Help on image_to_string object seems quite simple and straightforward.

help(pytesseract.pytesseract.image_to_string)
		

Help on function image_to_string in module pytesseract.pytesseract:

image_to_string(image, lang=None, config=”, nice=0, output_type=’string’)
Returns the result of a Tesseract OCR run on the provided image to string

f = r'c:/Users/t/Desktop/default.png'
img = Image.open(f)
img.show()
		

ACTUAL OCR PART

We’ve opened an image with text. Let’s start doing some OCR!

text = pytesseract.image_to_string(img)
print(text)
		

Output:

Holy Python

PYTHON HOLLINESS

CONCLUSION

Yes, OCR is that simple! Thanks to Python and Pytesseract. 

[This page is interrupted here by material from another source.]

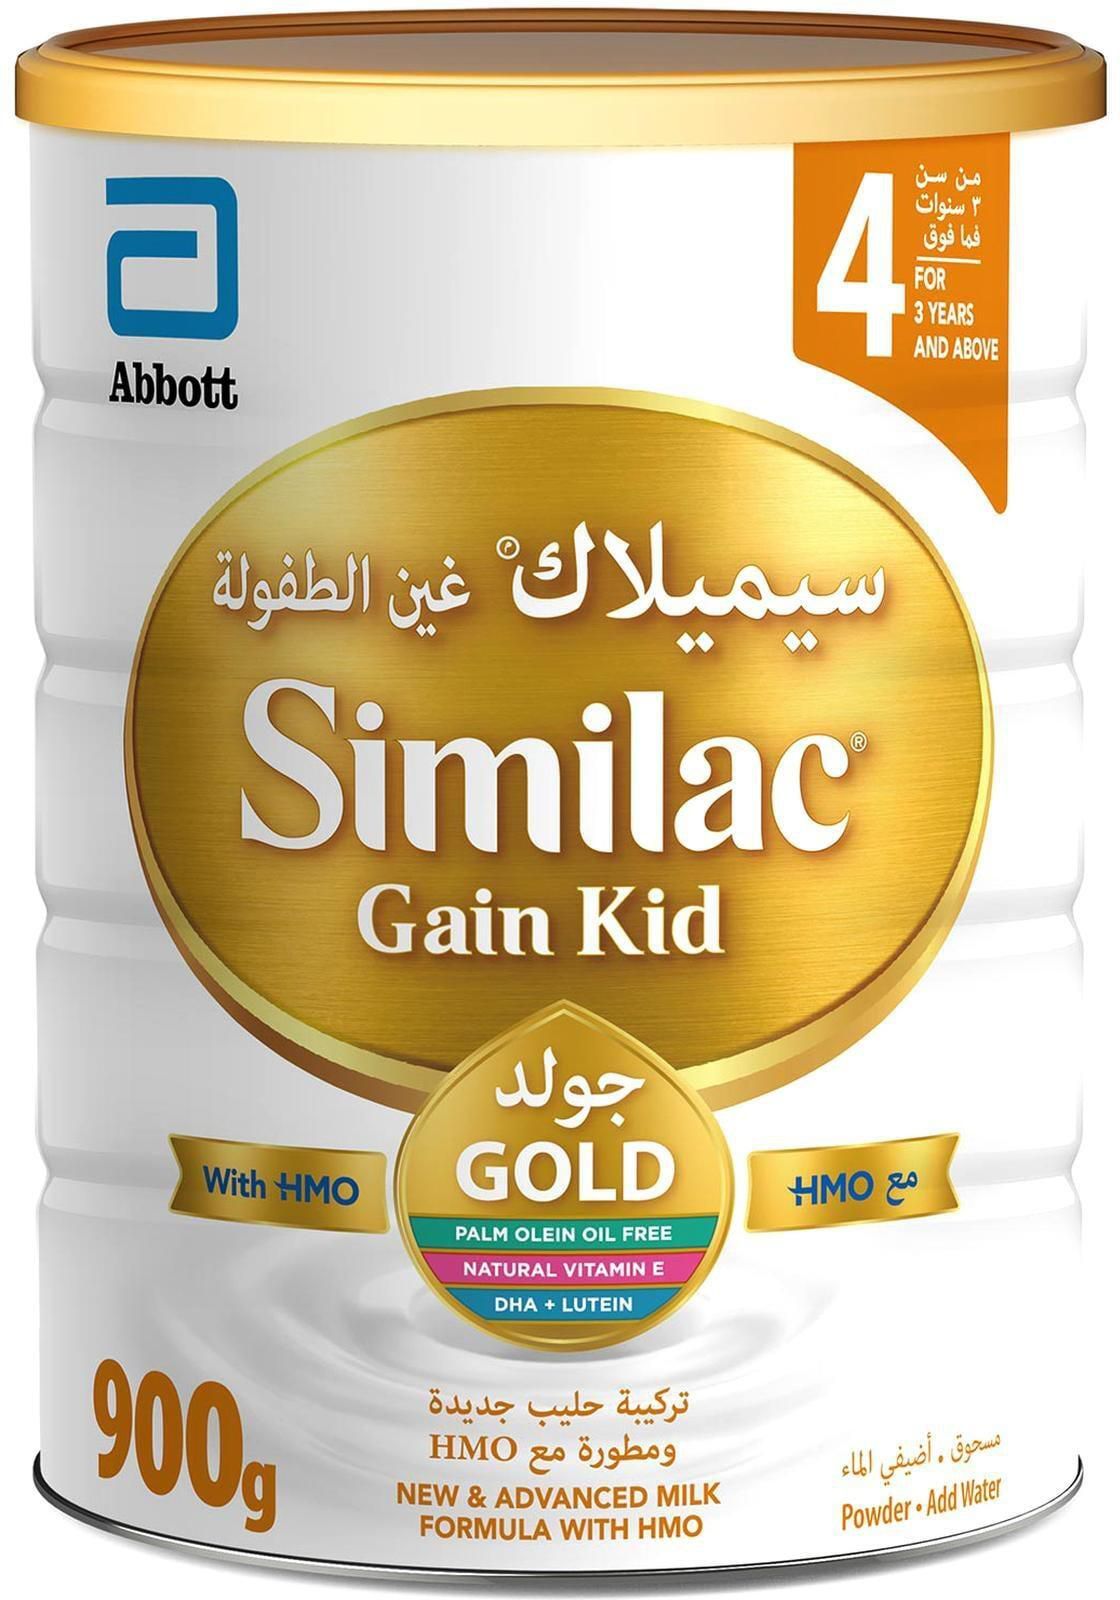 Abbott Similac Gain Kid Gold HMO Stage 4 Growing Up Formula Milk Powder 900g

OCR’s scope is deeper than this quick tutorial but this tutorial can get you started!

  • One simple technique that can be used when OCR is not very successful is to convert image to black and white using PIL library. This usually improves pytesseract’s reading abilities.
  • You will discover that image types such as: “RGB”, “RGBA”,  “RGBa”, “1”, “L” can dictate methods you can and cannot use. Sometimes you might have to do image type conversions using .convert(type).
  • Also, text on the image can blend with the image and for many reasons it can be harder to extract so there are different methods and parameters to prepare the image for pytesseract such as binarization and converting it to black and white type.

We hope this quick tutorial will be eye opening and motivating to get you started to explore incredible OCR possibilities with Python.